Hayabusa not been mentioned yet really? Also PunchTown are some of the nicest ive seen.


----------



## Whitey161 (May 25, 2010)

Ive got the Punchtown Karpel ones and i like em. Also got some rogue sparring ones which are pretty good.


----------



## MMA-Fightwear.co.uk (Jan 18, 2011)

In my humble opinion the new Karpal ex are better than the Hayabusa ones.

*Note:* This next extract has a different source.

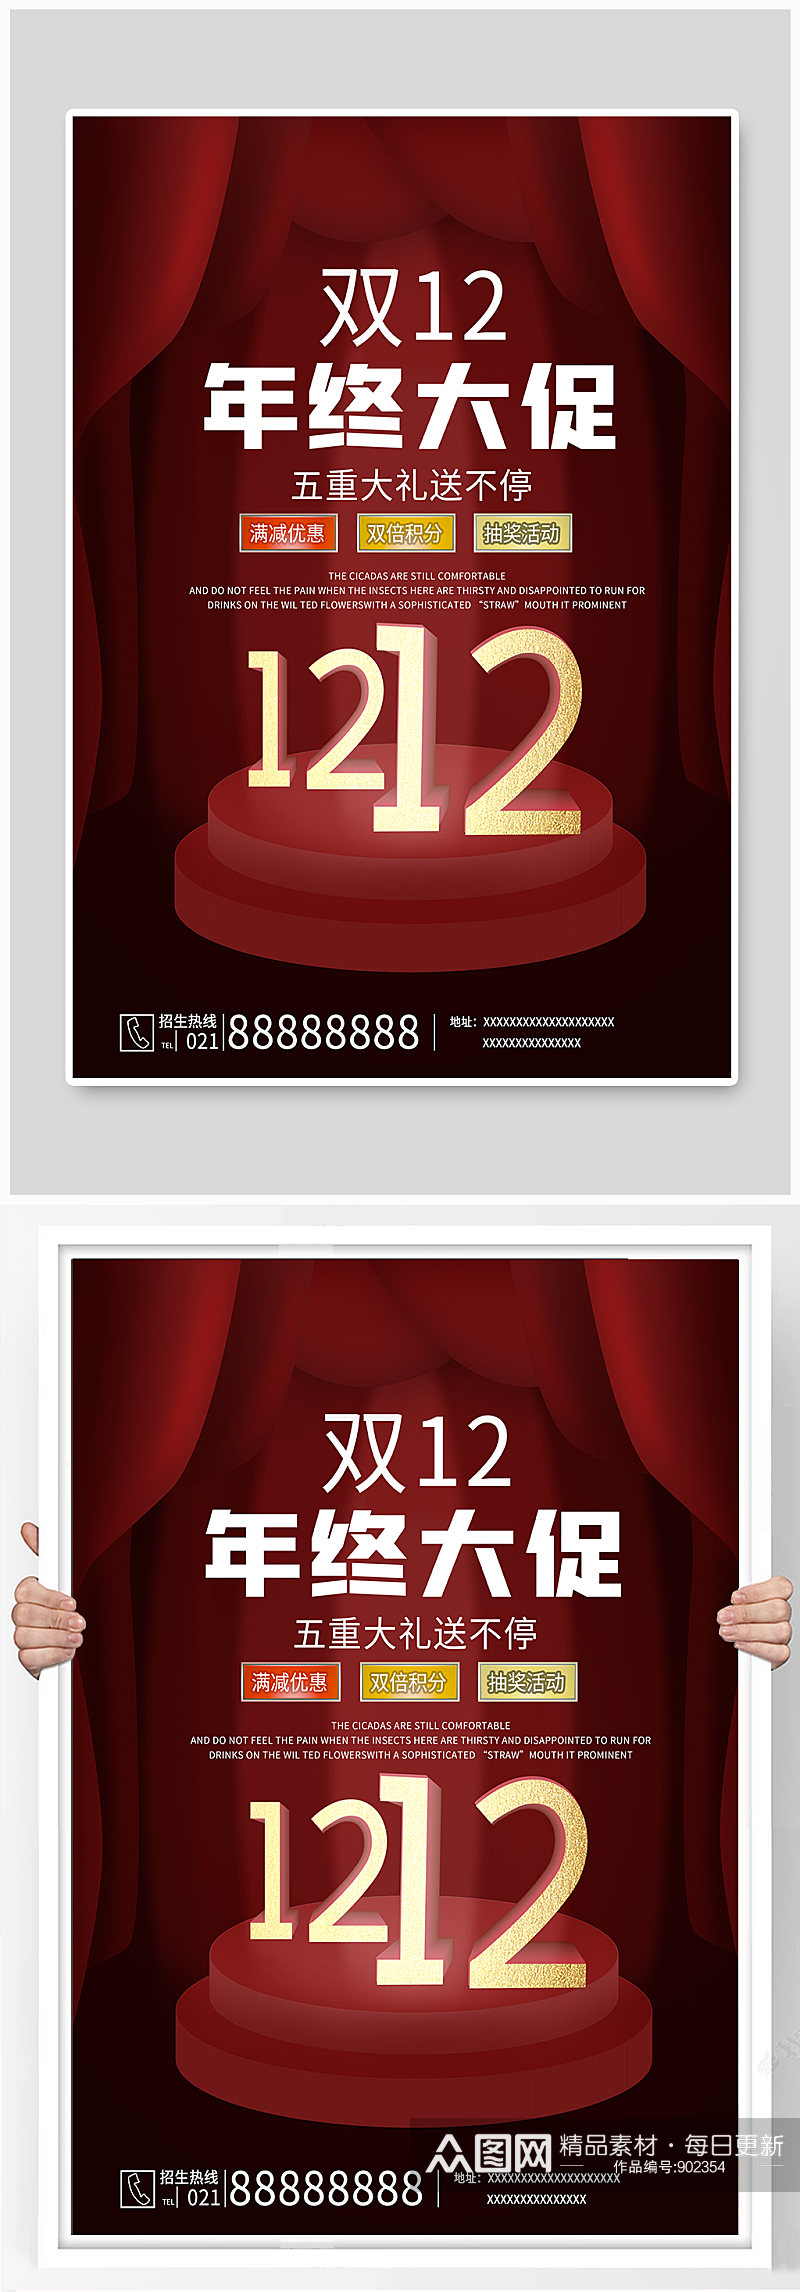 双十二红色简约大气促销宣传海报素材

But then again it depends on budget etc.


----------



## marc (Jul 16, 2007)

The new punchtown Gloves are Damn nice gloves


----------



## Chris Griffiths (May 12, 2010)

Rival MMA Gloves and MMA Sparring gloves are amazeing!! - Rival MMA Gloves | MMA Gear | MMA Equipment | MMA Clothing | Rival Boxing Equipmet


----------



## Smithy (Mar 24, 2011)

ROTWELLIER said:


> im a fan of the blitz pro star never failed me solid leaver aswell lol Pro Star MMA Gloves


got me a pair of the camo ones comfy good fit, good gloves cheap price!


----------



## MMA Bulls (Mar 26, 2011)

sharontaylor211 said:


> I have been looking for MMA Gloves for my tournament in next month.
> 
> please suggest suitable gear for me.


If you are based from UK then you will get gloves with FREE SHIPPING.

How much gloves you want?

And may i know the date of tournament?


----------



## radicalfightshop (Aug 1, 2010)

hmm spam? great english there.


----------



## SanshouMatt (Jul 1, 2008)

Punchtown +1


----------



## radicalfightshop (Aug 1, 2010)

From personal experience with the Punch Town guys its not just the gloves you buy into its the after sales support as well. They area always happy to help with any questions or support.

Other brands you just dont get that backing, so while PT are a little more than others, its worth it in the long run.


----------



## SteSteez (Jul 21, 2007)

Never knew Bill & Ted were into MMA, Radical


----------



## McLovin (Jul 24, 2009)

hayabusa for me :thumb


----------